The format is far from elucidated, but a table in the executables involved can be used to convert data into the 8 and 9 bit codes used for perfectly incompressible data. (Once compression starts being used this changes, indicative that this table is used to build the initial LZW dictionary.)
It is also notable that it seems to use both 8 and 9 bit codes, which is very difficult to do without some table to indicate the length of the codes.

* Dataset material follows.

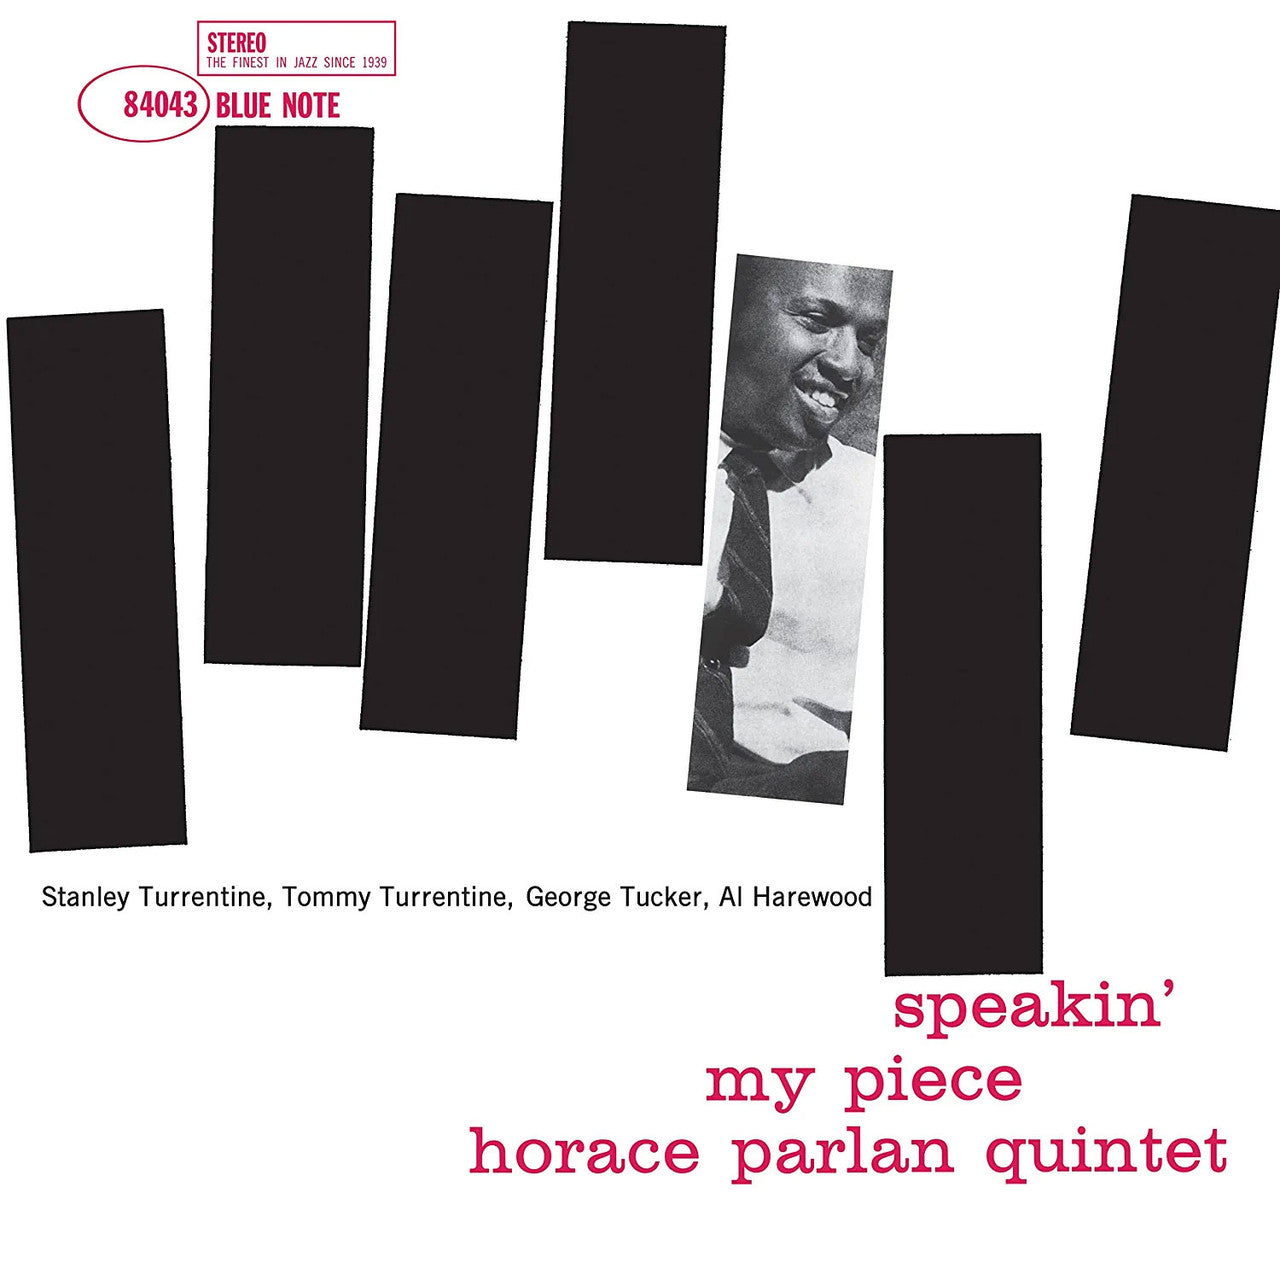 Horace Parlan Quintet - Speakin' My Piece - Blue Note Classic LP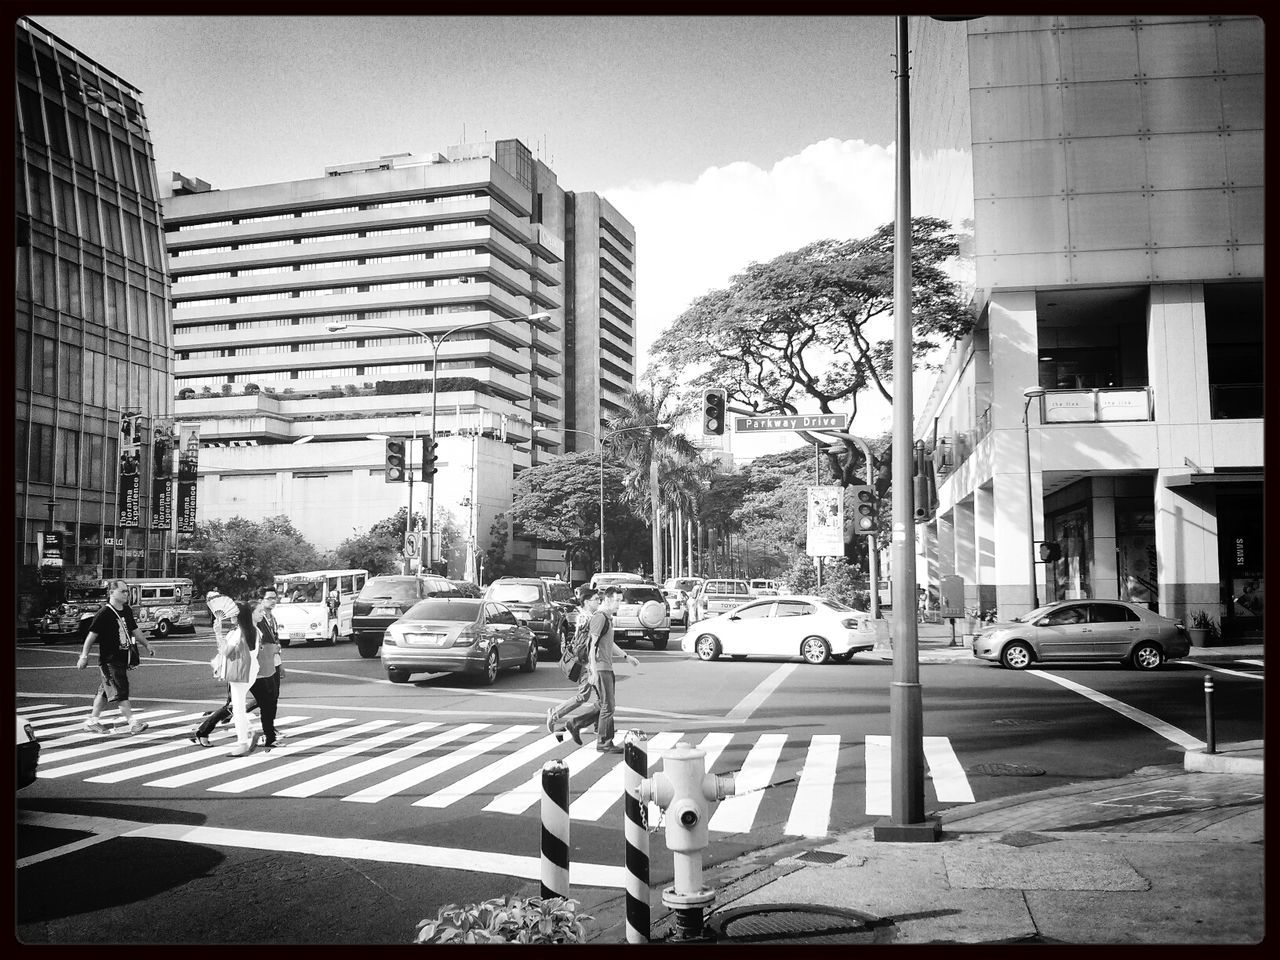 People walking on zebra crossing by buildings in city

This varaible codeword length may be why the compression is said to be 'huffman'
The Planet Strike source code release contains C code that handles LZH compression and decompression in JM_LZH.C. The code was written by Jim T. Row, who apparently also wrote the Softlib utility, so chances are it is the same implementation of LZH.
Soflib (Softdisk Library Creator) is a DOS program that can be used to create or extract files from SLIB files. It can work with both forms of compression used in SLIB files. It is notable that for some reason files shorter than 24 bytes often fail to be compressed correctly. (Soflib outputs a library with an empty chunk in it.) Soflib can be downloaded from the tools section of this page.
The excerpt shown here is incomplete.